Introduction: What I am working on.
Hello everyone! I am working on a Demosaicing algorithm which I use to transform images that have Bayer pattern into images that represent red, green and blue channels. I wish that the algorithm would have the following properties:
It preserves as much raw information as possible.
It does not obscure details in the image, even if that means absence of denoising.
It produces as little artifacts as possible.
If the size of mosaic image is N x N, the three color images should each have size N/2 x N/2.
Algorithm should be fast. To put "fast" into a context, let me say this: I will settle for something that is at least twice as fast as OpenCV's algorithm which uses bilinear interpolation.
What I have achieved so far.
So far, I've come up with the algorithm that uses bilinear interpolation and produces three images that have half size of the mosaic image. The algorithm is approximately 3-4 times faster than OpenCV's cvtColor algorithm that performs CV_BayerBG2BGR conversion (bilinear interpolation).
See the sketch of the Bayer pattern below to get an idea about how it works. I perform the interpolation at points marked by circles. The numbers represent the coefficients by which I multiply the underlying pixels in order to get interpolated value in the point marked by black circle.
You can observe the results of my algorithm below. I've also added the results of both demosaicing algorithms that are available in OpenCV (bilinear interpolation and variable number of gradients). Please note that while results of my algorithm look really poor in comparison, the OpenCV's bilinear interpolation results look almost exactly the same if I downsample them. This is of course expected as the underlying algorithm is the same.
... so finally: the question.
My current solution gives acceptable results for my project and it is also acceptably fast. However, I would be willing to use a up to twice slower algorithm if that would bring improvements to any of the 5 criteria listed above.
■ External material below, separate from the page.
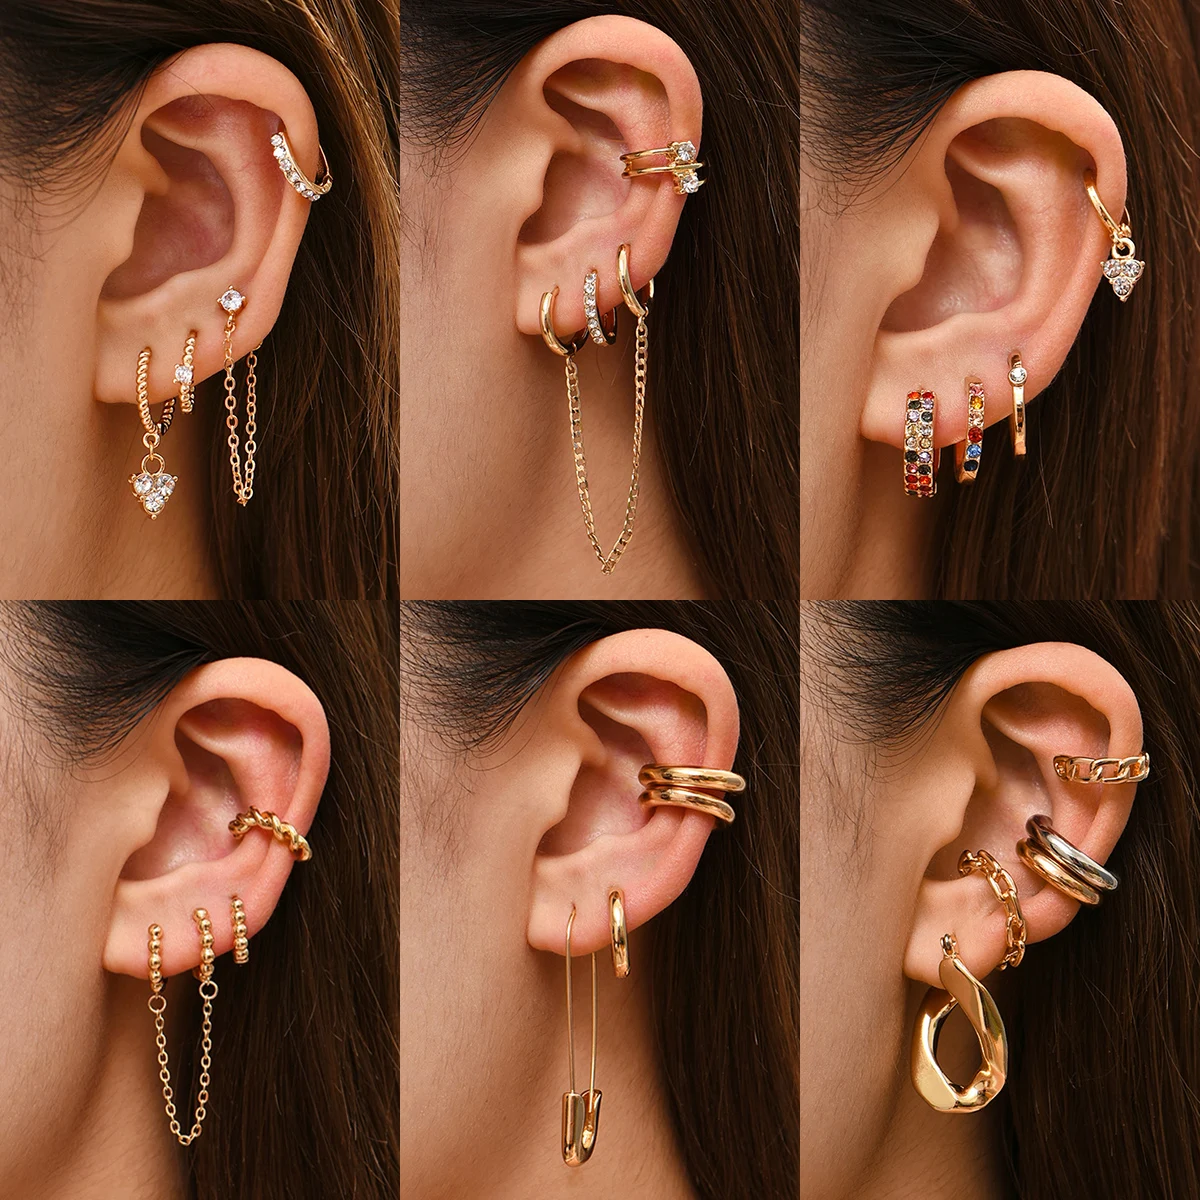 Punk Rock Helix Fake Cartilage Ear Cuff with Long Chain Circle Hoop Earrings Set for Women Tiny Piercing Huggie Earring Jewelry

The question then is: how to improve my algorithm without significantly hindering the performance?
I have enough programming experience for this task so I am not specifically asking for code snippets - the answers of any kind (code, links, suggestions - especially the ones based on past experiences) are welcome.
Some additional information:
I am working in C++.
The algorithm is highly optimized, it uses SSE instructions and it is non-parallel.
I work with large images (few MB in size); cache-awareness and avoiding multiple passes through image are very important.
I am not looking for general programming advice (such as optimization in general, etc.), but on the other hand some task-specific answers are more than welcome. Thank you in advance.
High quality results are obtained by filtering the samples to their Nyquist frequency. Usually that's half the sample rate, but in this case since your red and blue samples only come at 1/2 the pixel rate then Nyquist will be 1/4 the sample rate. When you resize you need to filter to the lower of the Nyquist rate of the input and output, but since your output is 1/2 your input you again need to filter to 1/4.
The perfect filter is the Sinc function; it delivers 100% of the signal below the cutoff frequency and none above the cutoff. Unfortunately it's completely impractical, extending as it does to infinity. For practical applications a windowed Sinc is used instead, the most common of these being the Lanczos kernel. The window size is chosen on the basis of quality vs. speed, with higher orders being closer to the ideal Sinc function. In your case since speed is paramount I will suggest Lanczos2.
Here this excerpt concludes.